During the early 1960s, when Eric Estorick (1913-1993) was running London’s Grosvenor Gallery, he developed a strong interest in Soviet art alongside his passion for modern Italian painting. In 1961 he mounted a landmark exhibition of Soviet prints – the inspiration for this special display – which features graphic works by 15 of the artists from the original show: Brodsky, Ermolaev, Izrailevich, Kaplan, Kuks, Lanin, Latash, Maslennikova, Matyukh, Nemenova, Skulyari, Steinberg, Vasnetsov, Vedernikov and Yakobson. This will be the first time since 1961 that these artists have been exhibited together in the United Kingdom.

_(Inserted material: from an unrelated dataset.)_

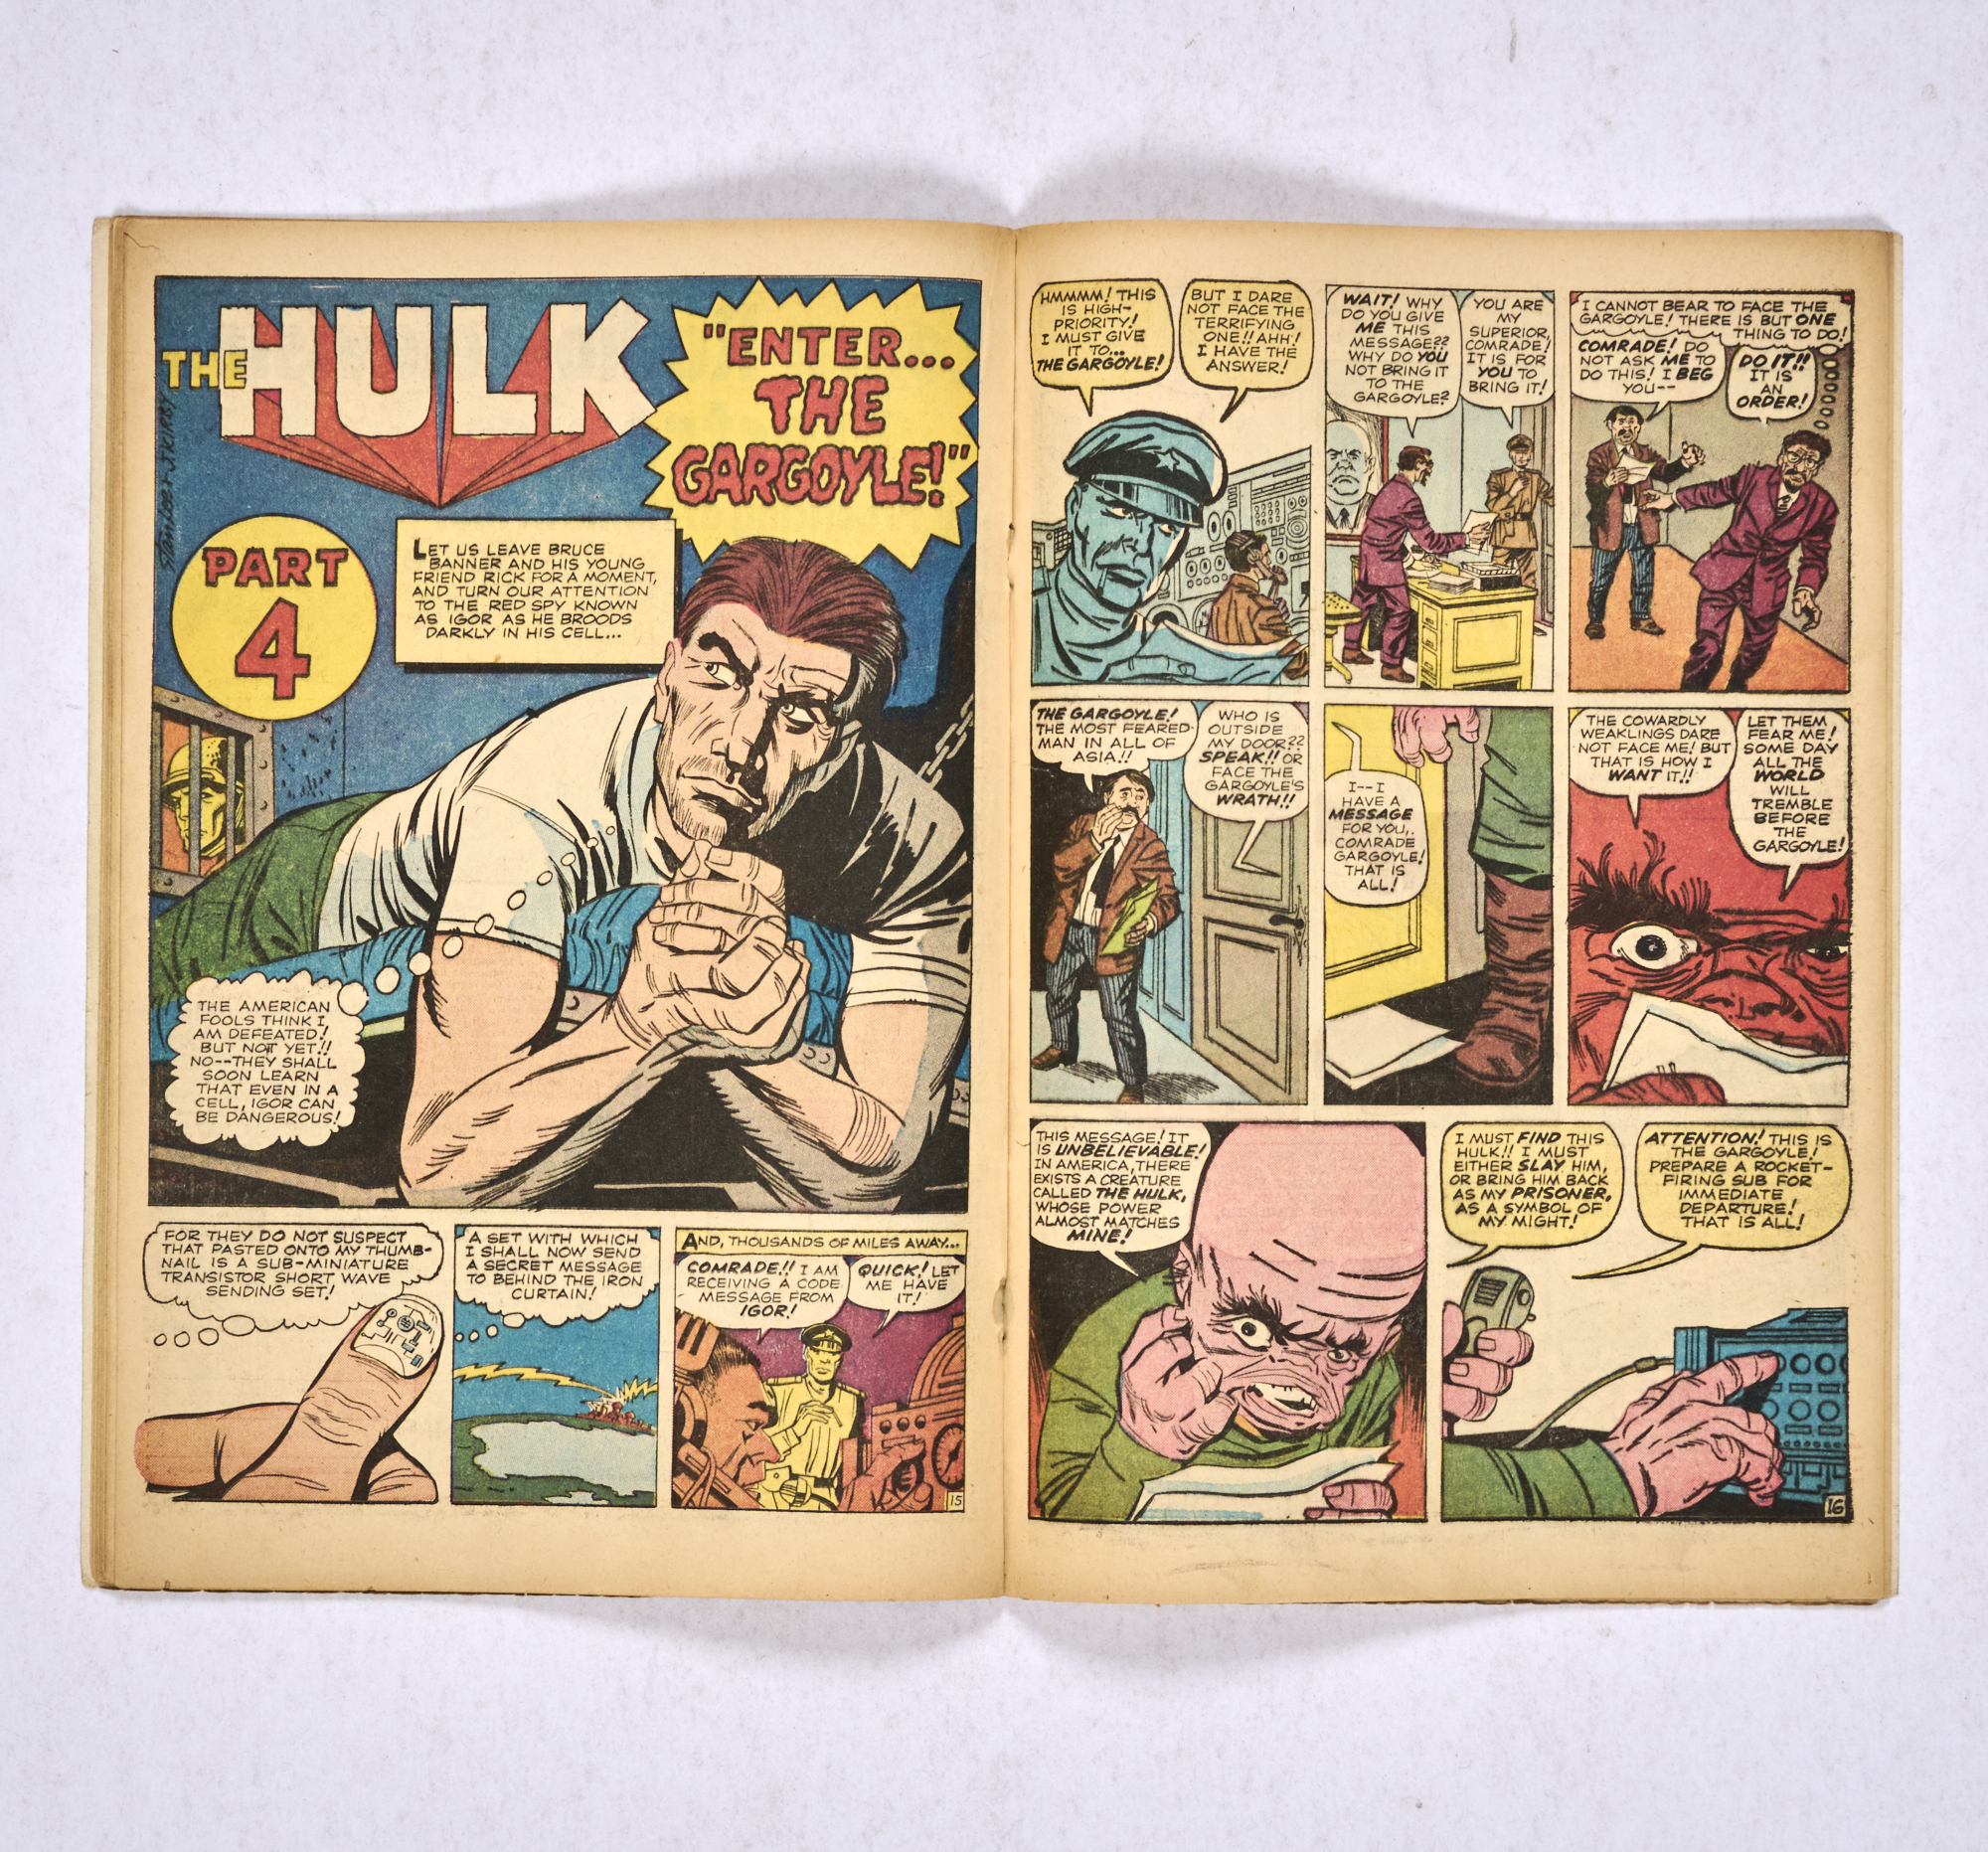 Incredible Hulk 1 (1962) General overall wear and lower staple rust with no major defects. Retrieved - Image 5 of 8

Estorick had visited Leningrad’s Experimental Graphics Laboratory in 1960, and was so impressed that he bought several hundred works on the spot. For a number of years his gallery hosted a stream of exhibitions featuring work by artists from the Soviet Union and, for the first time since the Russian Revolution, Westerners were able to see and acquire contemporary art from the USSR. Titled Lithographs by 27 Soviet Artists, the 1961 exhibition created quite a stir in London. In contrast to prevailing stereotypes about Socialist Realism, garnered at government-sponsored shows, these lithographs expressed an unexpected vitality, modernity and humanity. Following Estorick’s London show, other private collectors and museums began to acquire works by these artists. Coinciding as it did with a resurgence of cultural ties between the Soviet Union and the West, Eric Estorick’s adventure in Soviet art proved to be a historical milestone.